Analogous to Jesus in the Gospels, his [of Peregrinus Proteus] translation fable underscores the generic, honorific function of the tradition as set in contestation to Roman imperium. While likely abstracted from the overt political designs of the postmortem appearances of Jesus, namely, as they mimicked the Romulean legend, the Proteus tale allows a glance at a related incident, though refracted through the cultural permutations and evolution of second century Athens and with a Cynic philosophical subtext. By tacit associations between the two figures, Lucian's cynical lens regarding Proteus and the crucified founder of the Christians exposes several of the implied structural underpinnings and conventions of the prior Gospels as read in the broad Hellenistic context...
(R. C. Miller, Resurrection and Reception, 2015, p. 178)

The shock of the Gospels must not then have been the presence of this standard literary trope, but the adaptation of such supreme cultural exaltation to an indigent Jewish peasant, an individual otherwise marginal and obscure on the grand stage of classical antiquity.
(ibid., p. 181, my bold)

The Gospel Jesus and Peregrinus Protes have in common their being perfect mr.

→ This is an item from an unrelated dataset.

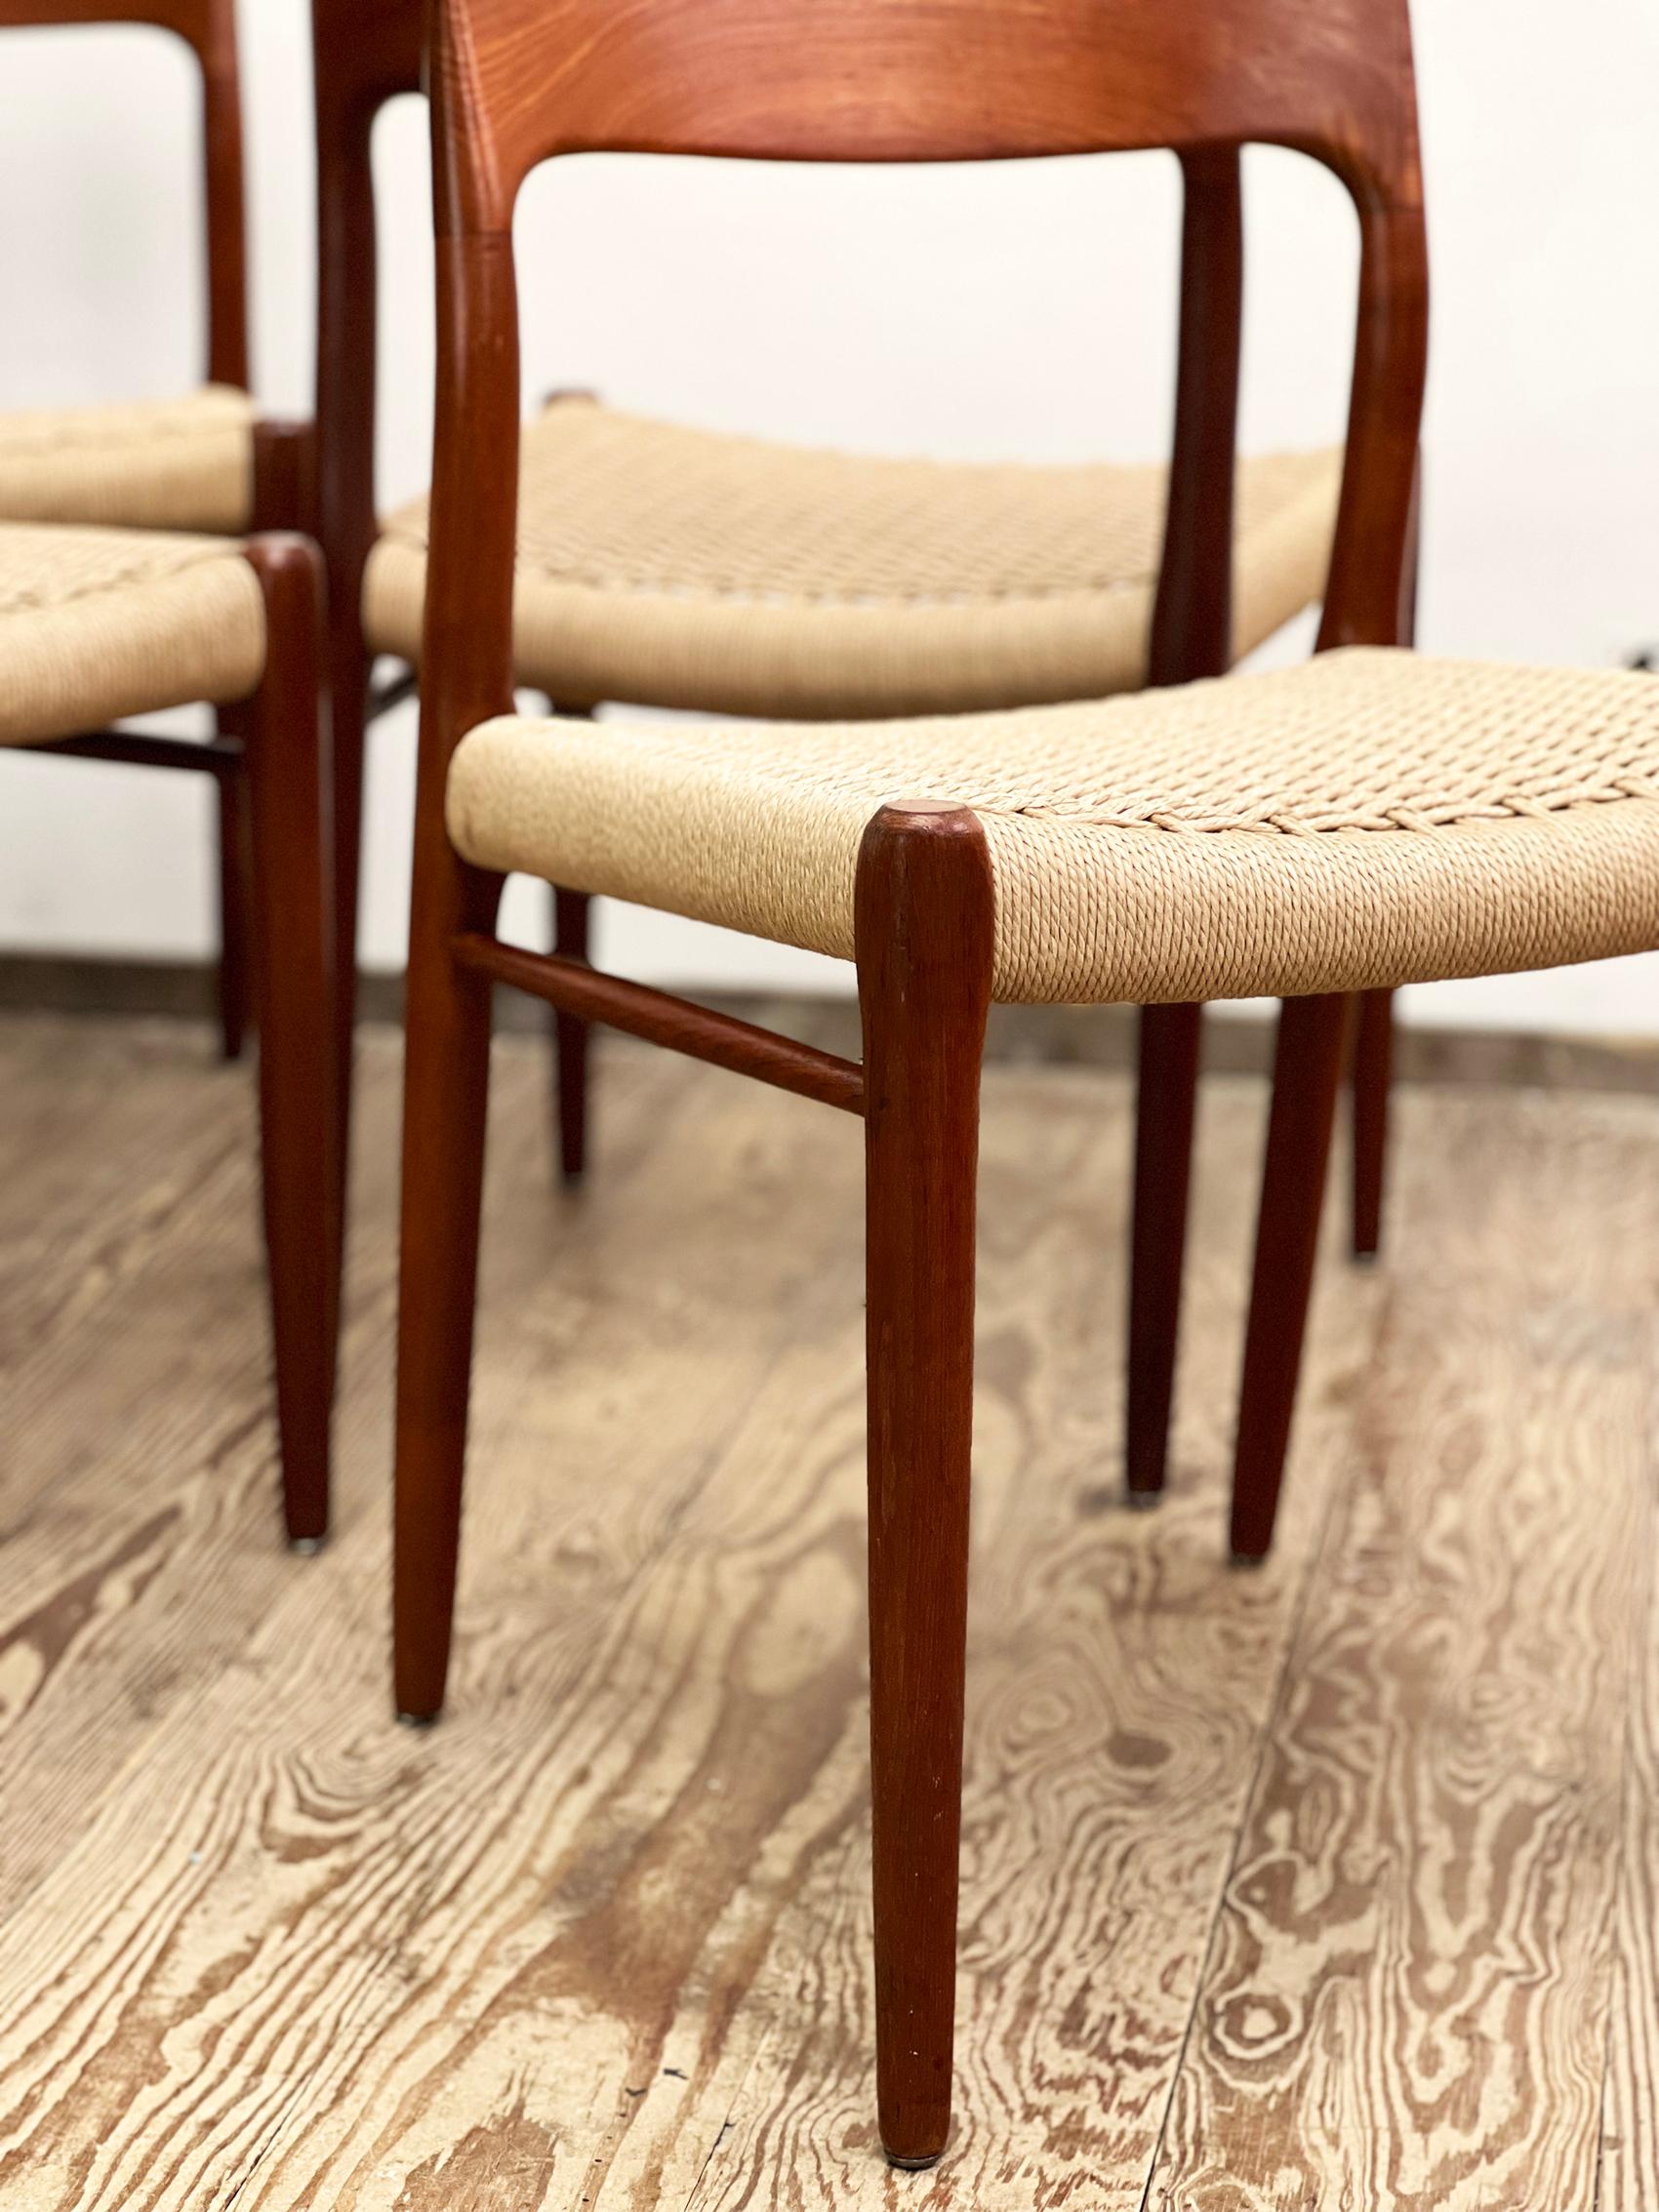 4 Midcentury Dining Chairs #75 in Teak, Danish Design, Niels Møller, J.L. Moller 2

Nothing that yet are supremely exalted by use of standard literary tropes, etc.

But Peregrinus was totally ex novo literary invention by Lucian, without no propagandistic religious second ends. Behind the name ''Peregrinus Proteus'' there was not a Church. But Lucian invented Peregrinus Proteus as parody of the counter-cultural sects as Christianity.

I wonder then if what transformed Christianity -- the genuine ''shock'' of the Gospels -- was the intrinsic contradiction of a mr. Nothing however worthy of greater possible glory, the mere side effect of the application of the conventional cultural legends and tropes on the previous object of Christian worship.

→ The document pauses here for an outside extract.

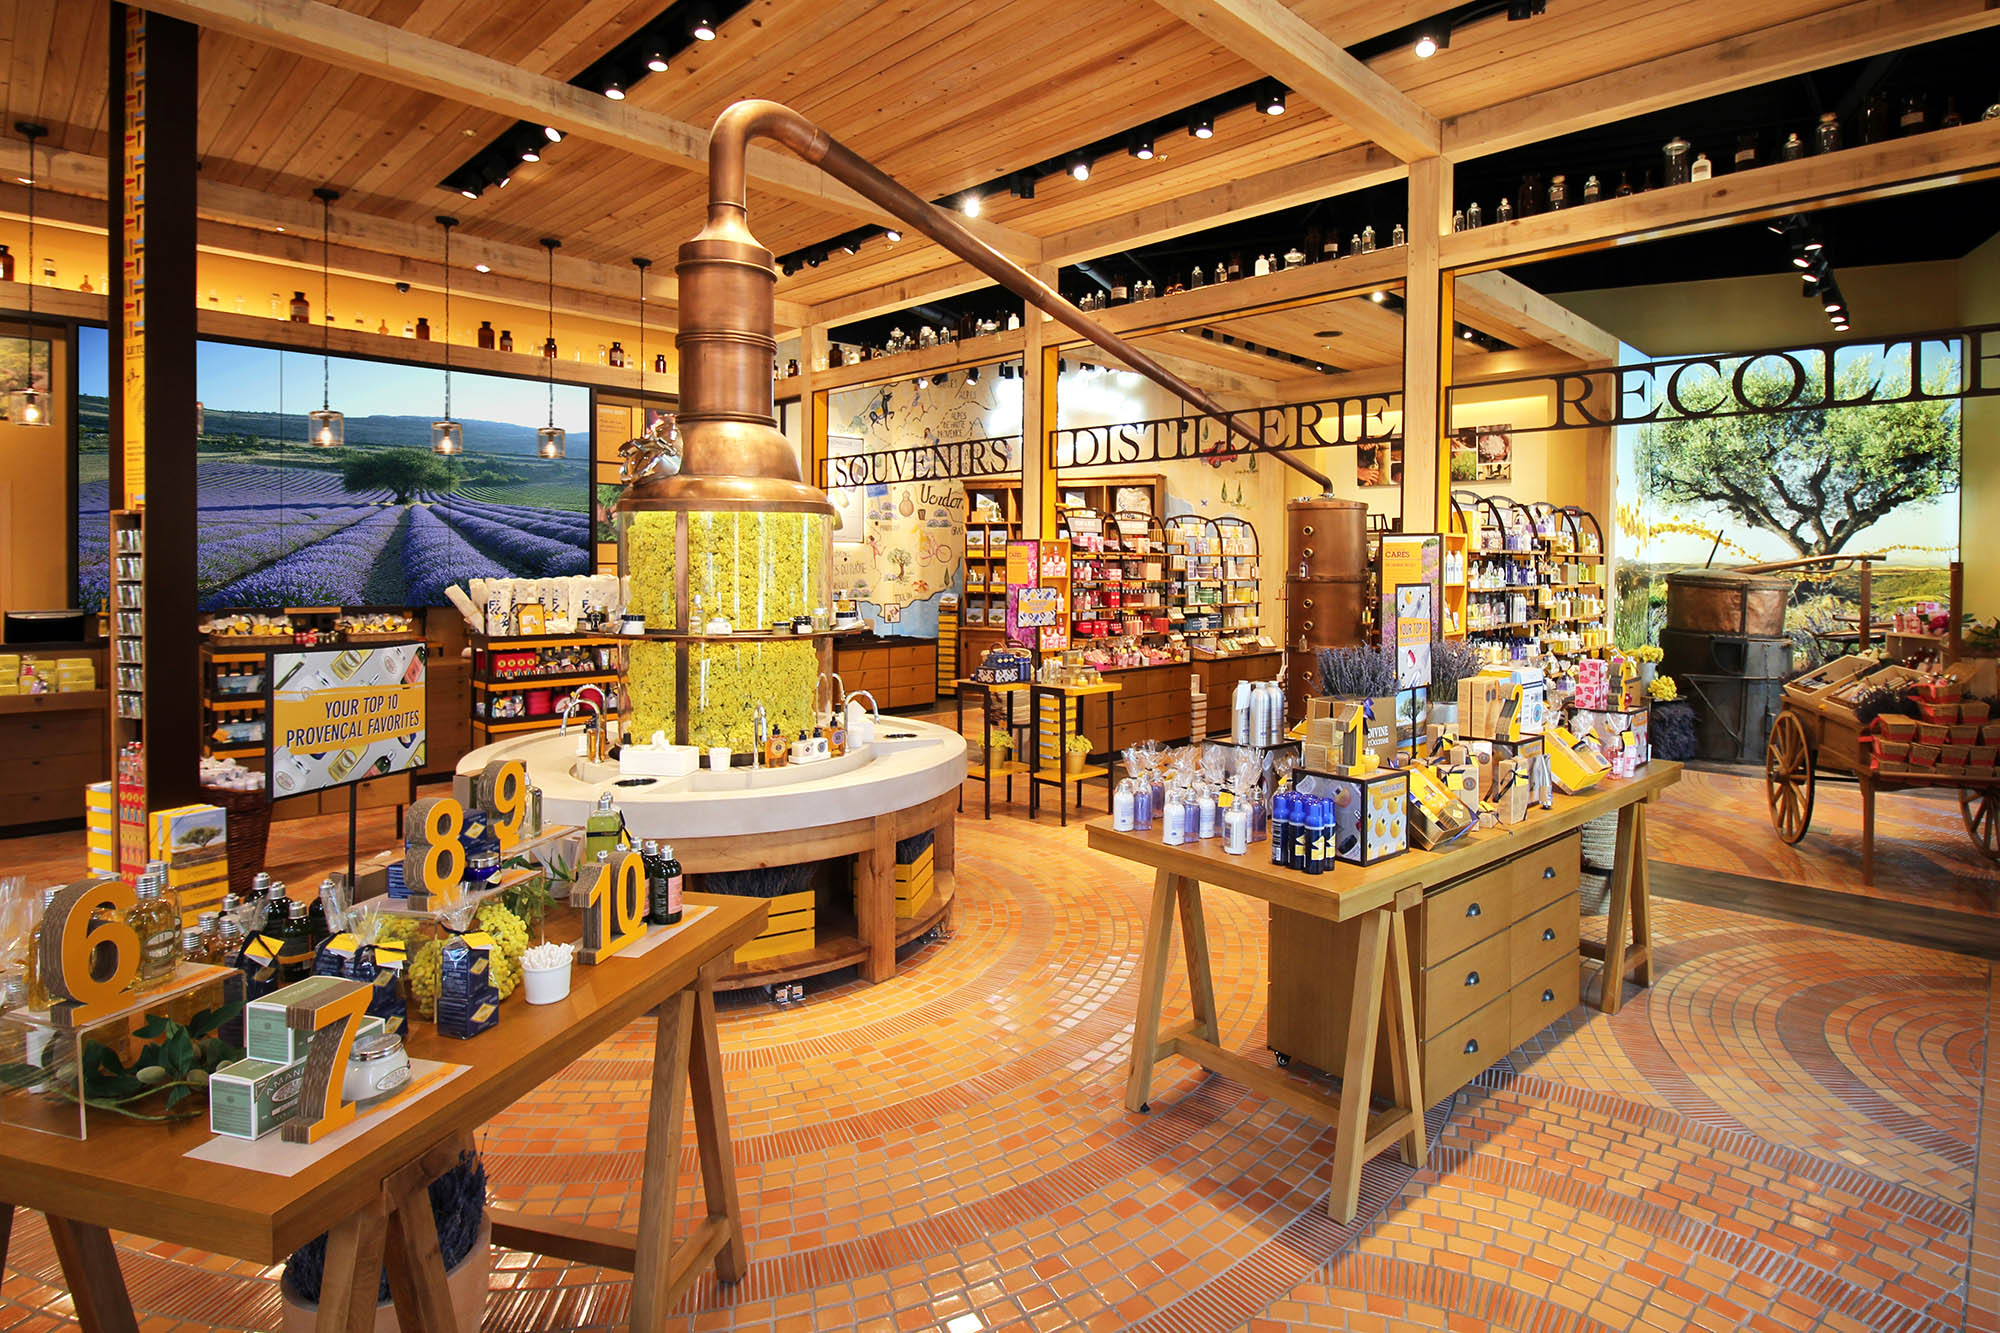  The L'Occitane store in Disney Springs

In some way, I suspect that the insignificance of Jesus (in the Gospel fiction, but already in Paul, too) was at same time his major point of force, as counter-cultural iconic figure from the beginning.

Could that insignificance, that obscurity, his being a vanishing point, be already part of the original myth ? Not as modest corollary, but as constitutive of him?
Nihil enim in speciem fallacius est quam prava religio. -Liv. xxxix. 16.